Castalia ’07 invited the top business personalities from the leading companies to examine the implications of the most relevant HR issue affecting industries, that is, “attrition”. It acted as the platform for people from all industry sectors to discuss the causes and possible solutions on “How to retain and engage talent” in their companies. Participants were enlightened in the presence of eminent personalities like Derrick Barton – CEO, Centre for Talent Retention, US; Mrs. Jo Verde – Senior Director, JeMM Consultants, Canada; Mr. E. Balaji – COO, Ma Foi Management Consultants; Mr. Anil Sachdev – CMD, Grow Talent Co. Ltd.; Mr. S.V Nathan, VP Region 10 HR, Deloitte India; Mr. K. Sreenath, Head HR, South Asia, Computer Associates; Mr. Vaishakh Kelkar, President, sales & marketing, Myadrenalin; Mr. Rajeev Kumar, HR Business partner manager, SAP and Ms. Lekha Sista, VP HR Sumtotal systems.
Mr. Derrick Barton began his speech by subscribing to Dr. Gopalkrishnan’s views that employees leave their bosses and not their companies. He urged the managers to make a difference to their organization. He alluded to the fact that Jeff Immet ceased the practice of removing the bottom 10% of the employees, as that was not worth their time and resources. He deduced from this that even a great organization like GE is forced to change their practices of dealing with their employees for better management.
He involved the audience in different games and participatory sessions, the objective of which was to find out what made people stay at their jobs. The results once again proved that it was largely the work variables and some managerial activities that were critical.
He underscored several ideas during his speech which can be summed up in the following lines:
· General understanding of managers should be crystal clear. They have to know what they are doing.
· Managers have to play an active role and involve employees to engage and retain.
· If the employees do not get the right feedback, they do not get close to the organization.
· It makes a difference when managers think about each employee.
Ms. Jo Verde stressed on the importance of HR as a business function.
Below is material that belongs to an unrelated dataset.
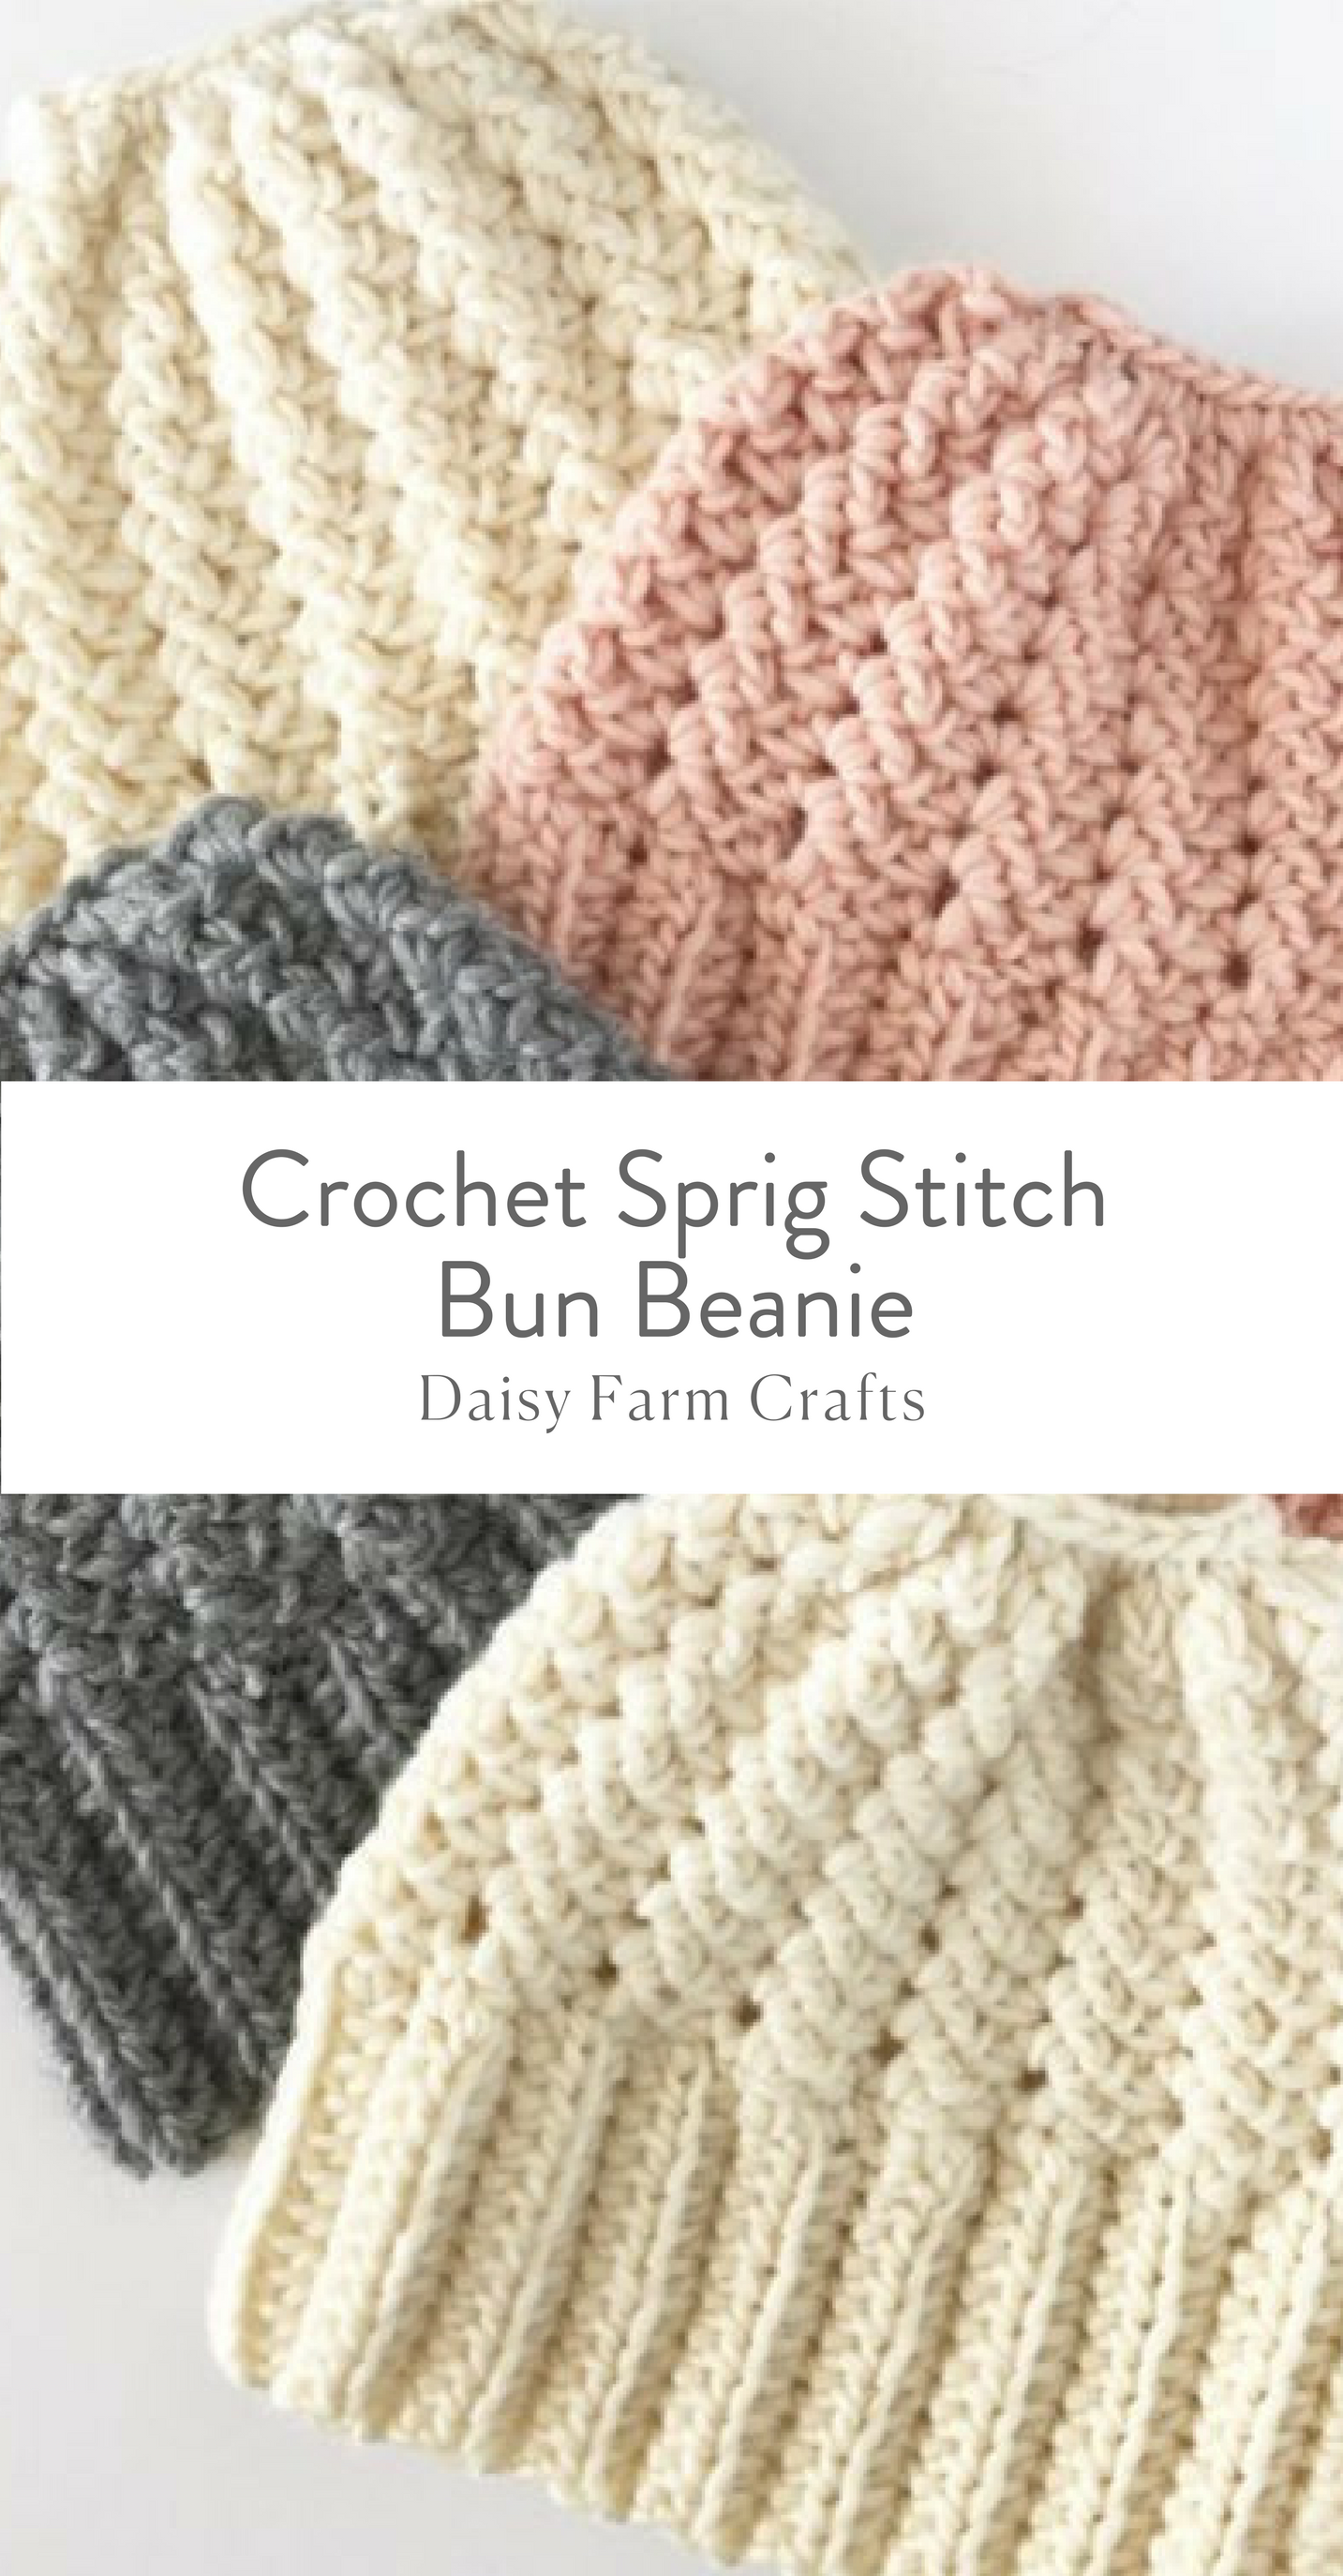 Free Pattern - Crochet Sprig Stitch Bun Beanie | Crochet Ideas ...

According to her, “HR is not fluff, it is a critical business process involving three critical areas; job, leader, & organization.” She stressed on the importance of all the members of the team having similar values which would result in business engagement driven by passion saying, “Any system you put in place is as good as the people who use that system and are administering it.”
Mr. E. Balaji talked about approaches to employee management and on the menace of post offer drop-outs. Emphasized on the poll of 23,000 employees cited in Stephen Covey’s -“The 8th Habit” where only 37 percent said they have a clear understanding of what their organization is trying to achieve.
Mr. Rajeev Kumar believes that “Retention is a day in and day out process”. Speaking on the role of HR software in retaining talent, he said “technology can be an aid to overall management.” He talked about how the effective working of a differentiated hr pattern and gave a 10-20-70 module – 10 percent on classroom training, 20 percent to mentorship and coaching and 70 percent on job program. Using these tools he emphasized that,” we must become as good at developing great people as we are at developing great software”.
According to Mrs. Lekha Sista , the goal of strategic talent management is to ensure “ that every individual takes a lead to move forward”.
The gist could be summed up in Mr. Derrick Burton’s words to managers that it is extremely important to “Make work count for the individual” in order to retain talent in your organization.